I think in the one case that you want to multiply or divide by a power of two, you can't go wrong with using bitshift operators, even if the compiler converts them to a MUL/DIV, because some processors microcode (really, a macro) them anyway, so for those cases you will achieve an improvement, especially if the shift is more than 1. Or more explicitly, if the CPU has no bitshift operators, it will be a MUL/DIV anyway, but if the CPU has bitshift operators, you avoid a microcode branch and this is a few instructions less.

I am writing some code right now that requires a lot of doubling/halving operations because it is working on a dense binary tree, and there is one more operation that I suspect might be more optimal than an addition - a left (power of two multiply) shift with an addition. This can be replaced with a left shift and an xor if the shift is wider than the number of bits you want to add, easy example is (i<<1)^1, which adds one to a doubled value. This does not of course apply to a right shift (power of two divide) because only a left (little endian) shift fills the gap with zeros.

在我的代码中，这些乘/除2和2的幂运算被大量使用，因为公式已经很短了，每条可以消除的指令都可以获得很大的收益。如果处理器不支持这些位移操作符，就不会有增益，也不会有损失。

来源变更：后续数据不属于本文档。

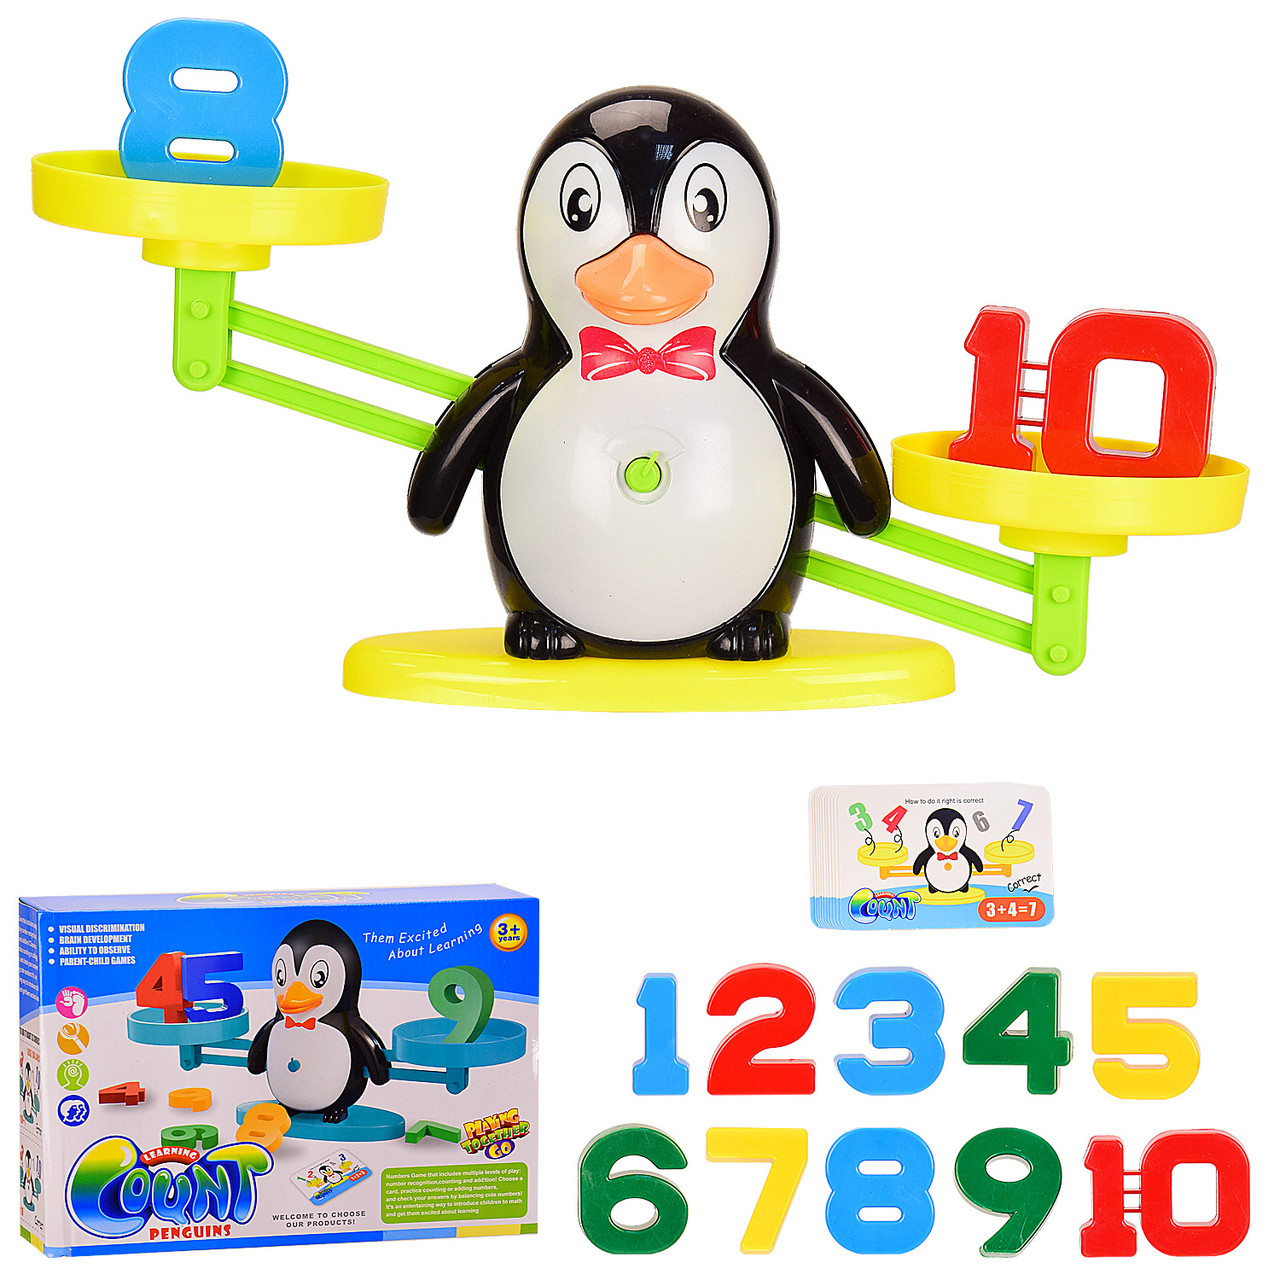 "Игра Learning Count ""Сохрани баланс"" Пингвин карточки с заданиями,  в коробке ZG987"

Also, in the algorithms I am writing, they visually represent the movements that occur so in that sense they are in fact more clear. The left hand side of a binary tree is bigger, and the right is smaller. As well as that, in my code, odd and even numbers have a special significance, and all left-hand children in the tree are odd and all right hand children, and the root, are even. In some cases, which I haven't encountered yet, but may, oh, actually, I didn't even think of this, x&1 may be a more optimal operation compared to x%2. x&1 on an even number will produce zero, but will produce 1 for an odd number.

再深入一点，如果x和3是0，我就知道4是这个数的因数，x%7是8，以此类推。我知道这些情况可能有有限的效用，但很高兴知道你可以避免模运算而使用按位逻辑运算，因为按位运算几乎总是最快的，而且对编译器来说不太可能是模糊的。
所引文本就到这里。